What the oil market's collapse means for the climate

- Ben Geman, author ofAxios Generate

Illustration: Aïda Amer/Axios
Convulsions in global oil markets are creating new wildcards for efforts to rein in carbon dioxide emissions and boost climate-friendly energy.
The state of play: In the abstract, cheaper energy makes cutting consumption more difficult, something to watch if low prices outlast the coronavirus outbreak. Lower revenues could also potentially hinder oil giants' investments in low-carbon tech and startups.
- This price collapse is coinciding with a public health emergency that's wreaking economic havoc, which could cut nations' bandwidth to focus on the various climate goals set in recent years.
- The economic fallout is also slashing CO2 emissions over the near-term, but for tragic reasons nobody should want replicated.

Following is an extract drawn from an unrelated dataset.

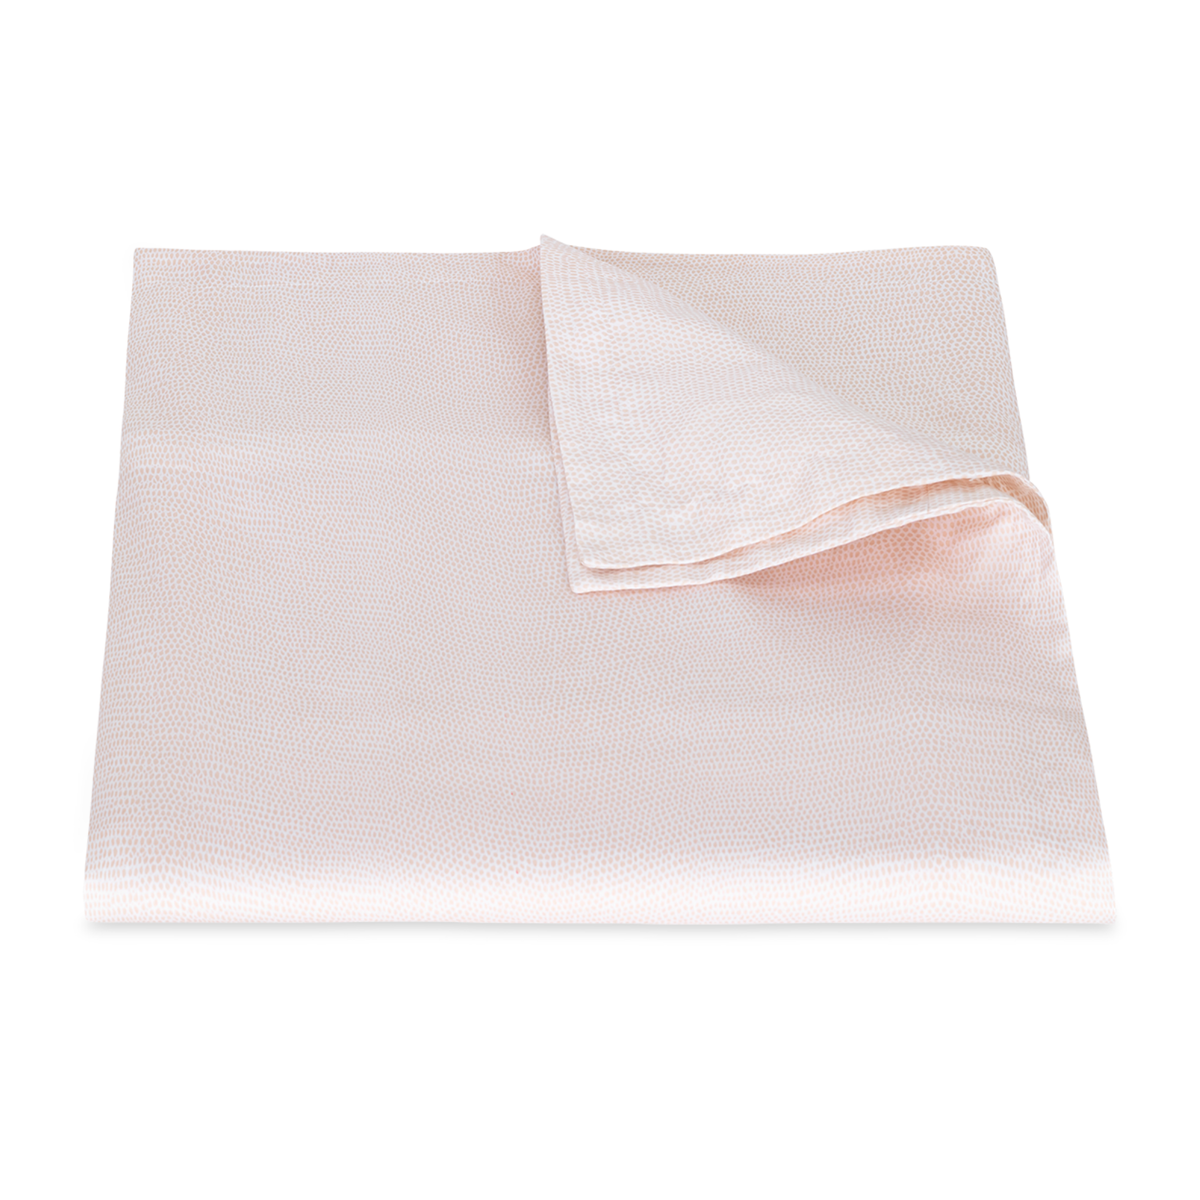 Folded Duvet Cover of Pink Matouk Jasper Bedding

But, but, but: There's also reason to think the price crash could be irrelevant or even supportive of clean energy, in part because it's part of a wider economic shock.
- Consider that it shrinks oil majors' gap between returns on oil production vs. renewable energy projects, which are less lucrative but more stable.
- On the "irrelevant" side, consider that the relationship between driving levels and gasoline prices in the U.S. is actually not especially strong.
- Also, lower prices make it easier to reform fossil fuel subsidies, which are quite large globally and climbed in 2016–2018 after years of declines.
What they're saying: The oil price collapse "will definitely put downward pressure on the appetite for a cleaner energy transition," International Energy Agency head Fatih Birol tells the FT.
- Bloomberg columnist David Fickling calls the effects of the oil crash "nuanced" but adds that overall they're "positive for decarbonization" — and he doesn't think emissions will be set to bounce back again after this downturn the way they have in the past.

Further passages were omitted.